Caching in Python with Examples
In this tutorial, you will learn about how to cache frequently needed data in Python for making the code faster.
Caching is a programming technique to store frequently required data in a temporary location for faster access rather than requesting it from the main source every time.
Every Python programmer should be familiar with the concept of caching.
In this tutorial, we will learn how to implement caching in a Python program using the cachetools Python library. The cachetools module includes a number of classes that implement caches using various cache algorithms derived from Cache class which, in turn, is derived from the collections.MutableMapping. The module also provides maxsize and currsize attributes to get the maximum and current size of the cache. When a cache is full, Cache.__setitem__() repeatedly calls self.popitem() until the item can be inserted.

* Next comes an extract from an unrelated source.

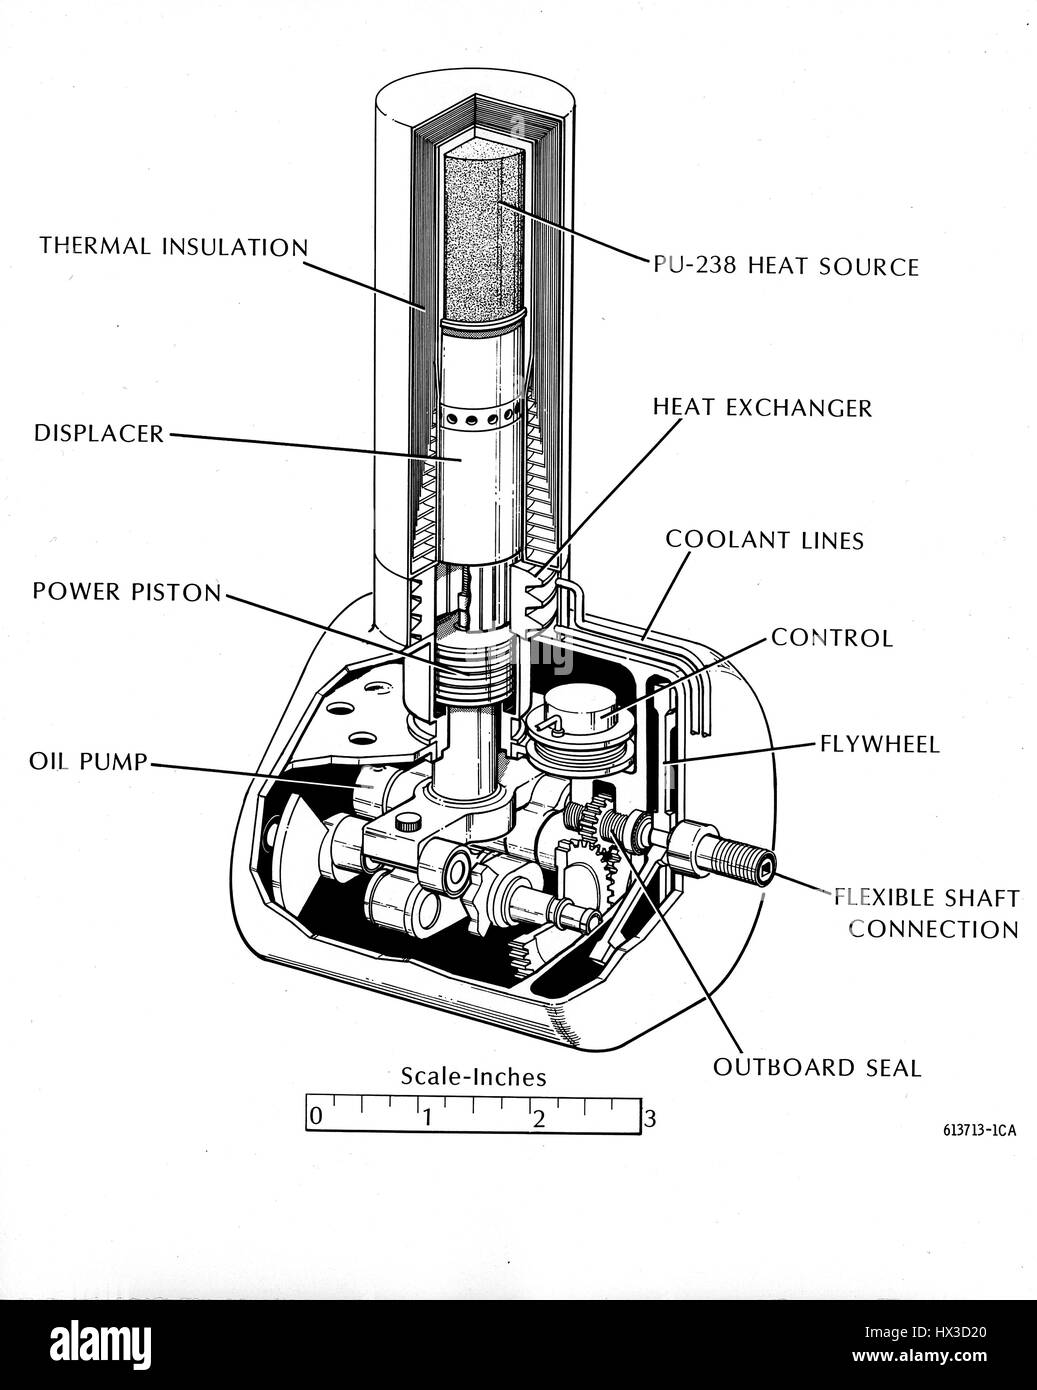 Eine illustrierte, Cutaway das Diagramm zeigt die Innenleben eines Atom-künstlichen Herzens geprüft durch die Atomic Energy Commission, 1973. Bild mit freundlicher Genehmigung US Department of Energy. Stockfoto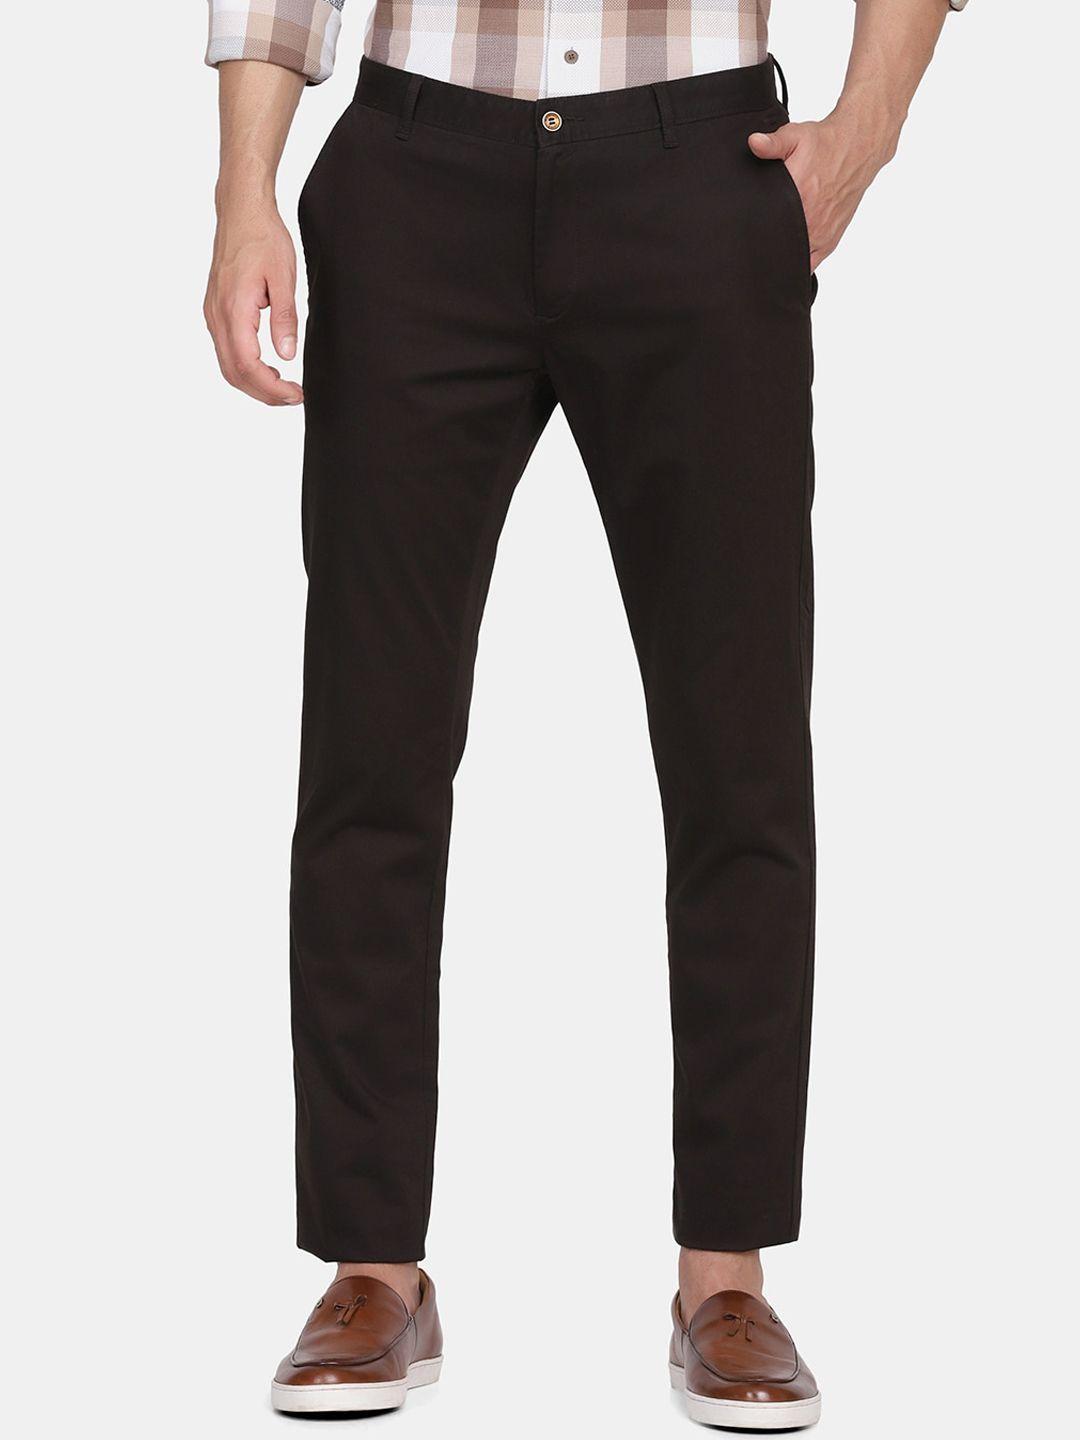 blackberrys-men-brown-b-91-skinny-fit-chinos-trousers

This module contains a number of memoizing collections and decorators, including variations of the @lru_cache function decorator from the Python Standard Library.
Install cachetools
pip install cachetools
cachetools.Cache
This cachetools.Cache class provides mutable mapping that can be used as a simple cache or cache base class. Cache class uses popitem() to make space when necessary. To implement specific caching algorithms, derived classes can override popitem(). We can also override __getitem__(), __setitem__(), and __delitem__() functions if a subclass needs to track item access, insertion, or deletion.
from cachetools import Cache
#maxsize is the size of data the Cache can hold
cache_data = Cache(maxsize=50000)
data_item1 = "http://example1.com"
data_item2 = "http://example2.com"
data_item3 = "http://example3.com"
data_item4 = "http://example4.com"
data_item5 = "http://example5.com"
cache_data[hash(data_item1)] = data_item1
cache_data[hash(data_item2)] = data_item2
cache_data[hash(data_item3)] = data_item3
cache_data[hash(data_item4)] = data_item4
cache_data[hash(data_item5)] = data_item5
#Accessing data from cache
item = cache_data.get(hash(data_item4), None)
print("Getting from cache = ", item)
The output of the above example will look like this:
cachetools.FIFOCache
FIFOCache is an implementation of First In First Out cache. This class removes data in the order they were added in the cache to make space when necessary. The popitem() function removes the data inserted first in the cache.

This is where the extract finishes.